Exploring other dimensions Alex Rosenthal and George Zaidan
We live in a three-dimensional world
where everything has length,
width,
and height.
But what if our world
were two-dimensional?
We would be squashed down
to occupy a single plane of existence,
geometrically speaking, of course.
And what would that world
look and feel like?
This is the premise
of Edwin Abbott’s 1884 novella, Flatland.
Flatland is a fun, mathematical
thought experiment
that follows the trials
and tribulations of a square
exposed to the third dimension.
But what is a dimension, anyway?
For our purposes,
a dimension is a direction,
which we can picture as a line.
For our direction to be a dimension,
it has to be at right angles
to all other dimensions.
So, a one-dimensional
space is just a line.
A two-dimensional space is defined
by two perpendicular lines,
which describe a flat plane
like a piece of paper.
And a three-dimensional space
adds a third perpendicular line,
which gives us height
and the world we’re familiar with.
So, what about four dimensions?
And five?
And eleven?
Where do we put these new
perpendicular lines?
This is where Flatland can help us.
Let’s look at our square
protagonist’s world.
Flatland is populated by geometric shapes,
ranging from isosceles trianges
to equilateral triangles
to squares,
pentagons,
hexagons,
all the way up to circles.
These shapes are all scurrying
around a flat world,
living their flat lives.
They have a single eye
on the front of their faces,
and let’s see what the world looks like
from their perspective.
What they see is essentially
one dimension,
a line.
But in Abbott’s Flatland,
closer objects are brighter,
and that’s how they see depth.
So a triangle looks
different from a square,
looks different a circle,
and so on.
Their brains cannot comprehend
the third dimension.
In fact, they vehemently
deny its existence
because it’s simply not
part of their world
or experience.
But all they need,
as it turns out,
is a little boost.
One day a sphere shows up in Flatland
to visit our square hero.
Here’s what it looks like
when the sphere passes through Flatland
from the square’s perspective,
and this blows his little square mind.
Then the sphere lifts the square
into the third dimension,
the height direction where no
Flatlander has gone before
and shows him his world.
From up here, the square
can see everything:
the shapes of buildings,
all the precious gems hidden in the Earth,
and even the insides of his friends,
which is probably pretty awkward.
Once the hapless square
comes to terms with the third dimension,
he begs his host to help him
visit the fourth and higher dimensions,
but the sphere bristles
at the mere suggestion
of dimensions higher than three
and exiles the square back to Flatland.
Now, the sphere’s indignation
is understandable.
A fourth dimension is very difficult
to reconcile with our experience
of the world.
Short of being lifted
into the fourth dimension
by visiting hypercube,
we can’t experience it,
but we can get close.
You’ll recall that when the sphere
first visited the second dimension,
he looked like a series of circles
that started as a point
when he touched Flatland,
grew bigger until he was halfway through,
and then shrank smaller again.
We can think of this visit
as a series of 2D
cross-sections of a 3D object.
Well, we can do the same thing
in the third dimension
with a four-dimensional object.
Let’s say that a hypersphere
is the 4D equivalent of a 3D sphere.
When the 4D object passes
through the third dimension,
it’ll look something like this.
Let’s look at one more way
of representing a four-dimensional object.

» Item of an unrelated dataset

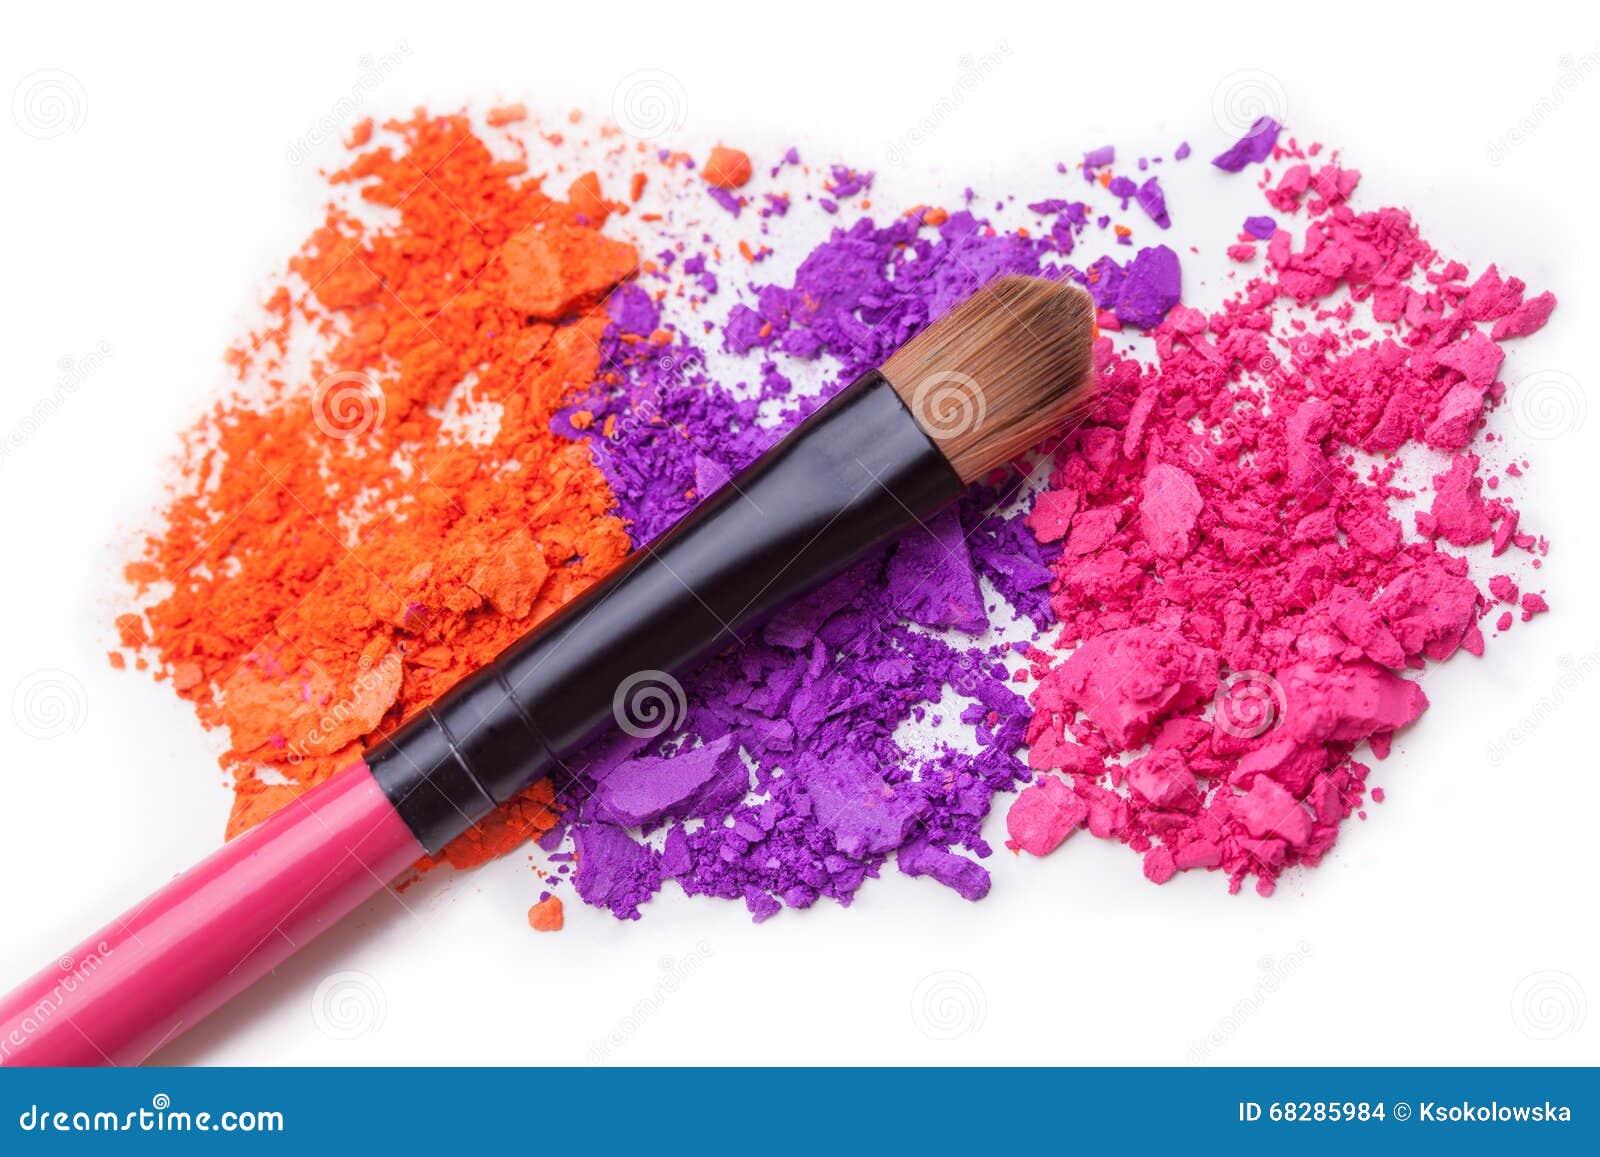 Makeup Shadows And Brush Stock Photo Image Of Brown 68285984

Let’s say we have a point,
a zero-dimensional shape.
Now we extend it out one inch
and we have a one-dimensional
line segment.
Extend the whole line segment by an inch,
and we get a 2D square.
Take the whole square
and extend it out one inch,
and we get a 3D cube.
You can see where we’re going with this.
Take the whole cube
and extend it out one inch,
this time perpendicular
to all three existing directions,
and we get a 4D hypercube,
also called a tesseract.
For all we know,
there could be four-dimensional lifeforms
somewhere out there,
occasionally poking their heads
into our bustling 3D world
and wondering what all the fuss is about.
In fact, there could be whole
other four-dimensional worlds
beyond our detection,
hidden from us forever
by the nature of our perception.
Doesn’t that blow
your little spherical mind?